Verify openvla in robosuite

I want to verify openvla in robosuite,the following is my system info
robosuite 1.15.1
Ubuntu22.04
Jetson Agx orin(64G)
conda environment(python 3.10)

I wirte a simple code

import robosuite as suite
from robosuite.controllers import load_part_controller_config
from transformers import AutoModelForVision2Seq, AutoProcessor
from PIL import Image
import torch

local_model_path = "/home/yljy/jetson-containers/data/models/huggingface/models--openvla--openvla-7b/snapshots/31f090d05236101ebfc381b61c674dd4746d4ce0"

processor = AutoProcessor.from_pretrained(local_model_path, trust_remote_code=True)
vla = AutoModelForVision2Seq.from_pretrained(
    local_model_path,
    attn_implementation="flash_attention_2",
    torch_dtype=torch.bfloat16,
    low_cpu_mem_usage=True,
    trust_remote_code=True
).to("cuda:0")

controller_config = load_part_controller_config(default_controller="IK_POSE")

robosuite_env = suite.make(
    "Lift",
    robots="Panda",
    has_renderer=True,
    has_offscreen_renderer=True,
    use_camera_obs=True,
    camera_names="frontview",
    camera_heights=640,
    camera_widths=480
)

obs = robosuite_env.reset()

prompt = "In: What action should the robot take to pick up the cube?\nOut:"

while(True):
    image = Image.fromarray(obs['frontview_image'])

    inputs = processor(prompt, image).to("cuda:0", dtype=torch.bfloat16)
    action = vla.predict_action(**inputs, unnorm_key="bridge_orig", do_sample=False)
    action[0:3] = action[0:3]*100 #because the sensitivity is 0.01
    action[6] = action[6]*2-1 #related to the gripper openvla is [0,1],robosuite is [-1,1]

    print(action)

    obs, reward, done, info = robosuite_env.step(action)
    robosuite_env.render()

I run the code to use the openvla to control the manipulator, but something goes wrong. By rights, the robotic arm should be moving down, but the action[2] that openvla outputs (i.e., the offset of the Z-axis) is always positive. Is it because the end coordinates in robosuite don’t match the end coordinates in openvla?

Hi,

Could you try to run the same image on a desktop environment?
This helps us to figure out if the issue is Jetson-specific.

Thanks.

I think it may be not, but I don’t know the reason of the question

Hi,

This helps us to verify if this issue is hardware-dependent or pure software issue.
Do you have an environment to try?

Thanks.

Hi,
I am also working on Open VLA model. May I ask what camera calibration do you use in your simulation like camera pose, camera matrix, focal length,…etc.
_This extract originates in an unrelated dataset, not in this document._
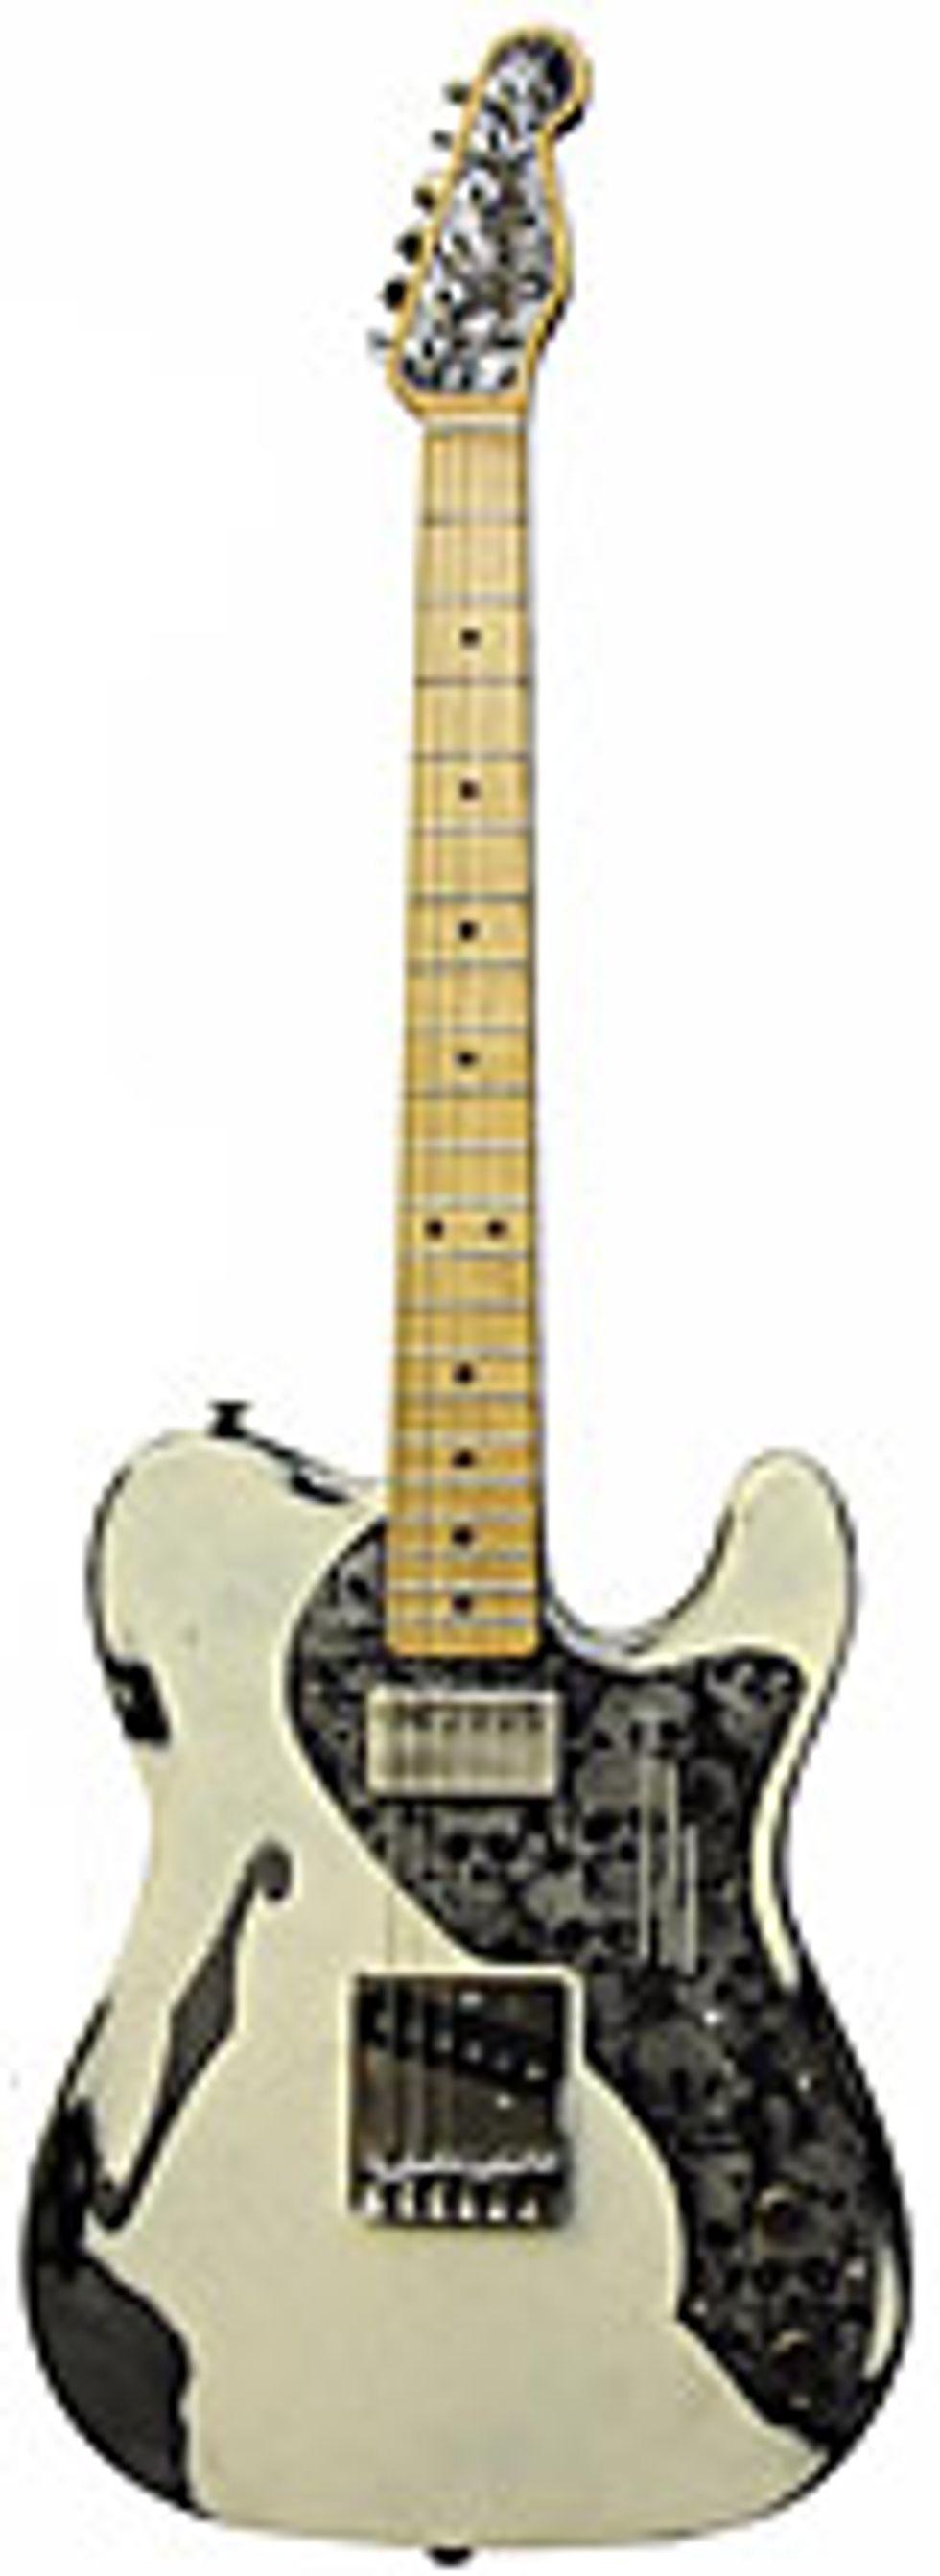 James Trussart Steelcaster Deluxe
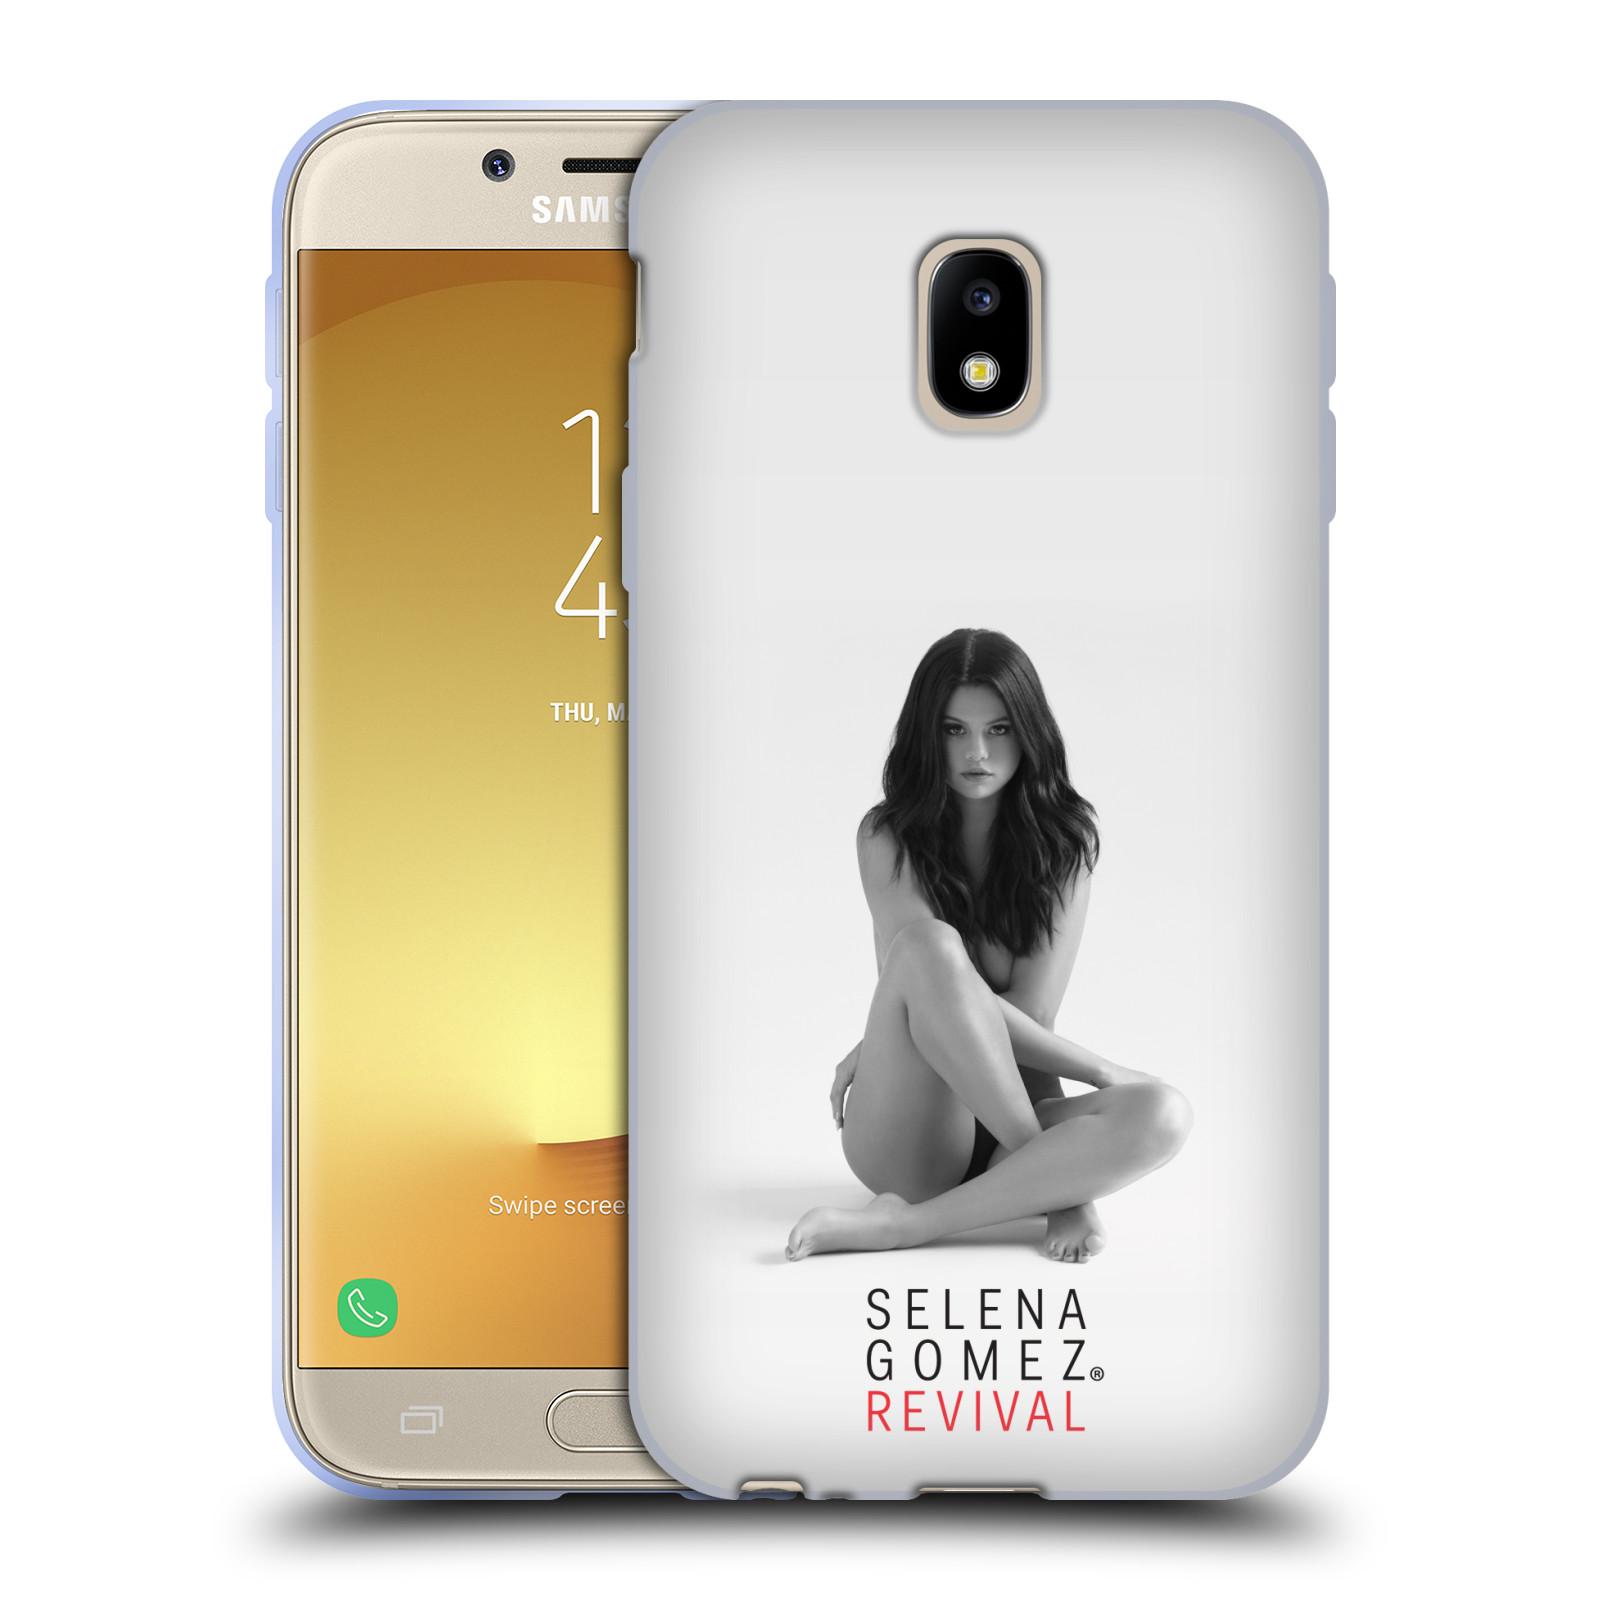 HEAD CASE silikonový obal na mobil Samsung Galaxy J3 2017 (J330, J330F) Zpěvačka Selena Gomez foto Revival

I’m currently working on a simulation project with the following setup:

  • Operating System: Ubuntu 22.04
  • ROS 2 Distribution: Humble
  • Motion Planning Framework: MoveIt 2
  • Simulation Environment: NVIDIA Isaac Sim 4.2.0
  • Programming Language: Python

I’m utilizing Isaac Sim’s built-in camera and require assistance with the following aspects of camera calibration:

  1. Intrinsic Parameters:
  • Determining the camera matrix
  • Identifying focal length
  1. Extrinsic Parameters:
  • Establishing the camera’s pose within the simulation environment
  1. Calibration Process:
  • Best practices for calibrating the simulated camera to ensure accurate data representation

I aim to adjust the camera settings appropriately to enhance the fidelity of my simulation.

Hi,

Is the question for the @15962063926?
If not, could you file a new topic for your question and we will find the corresponding team to check.

Thanks.

Dose Openvla work in you simulation environment? In fact, I don’t adjust the camera settings. Because the robosuite only has the frontview. I only set the camera_height and camera_width.

Hi,

We need to check with our internal team.
Will get back to you soon.

Thanks.

Hi @15962063926, here is a version with MimicGen integration - OpenVLA - NVIDIA Jetson AI Lab

Yes, you need to trace it through and make sure all the coordinate space transforms are in the correct reference frame vs what is expected, and to fine-tune the model. There are a lot of hyperparameters to adjust and experiment with.

I would also recommend not overly focusing just on OpenVLA-7B, as there have now been several other VLA’s out, and OpenVLA is regarded as more difficult to train and is in fact larger/slower at 7B size, whereas mini-VLA’s have been coming out that are smaller (for example EVLA Efficient Vision-Language-Action Models | by Paweł Budzianowski | K-Scale Labs or OpenPi)

1 Like

OpenVLA does not work on my environment. I think we need camera calibration of OpenVLA model.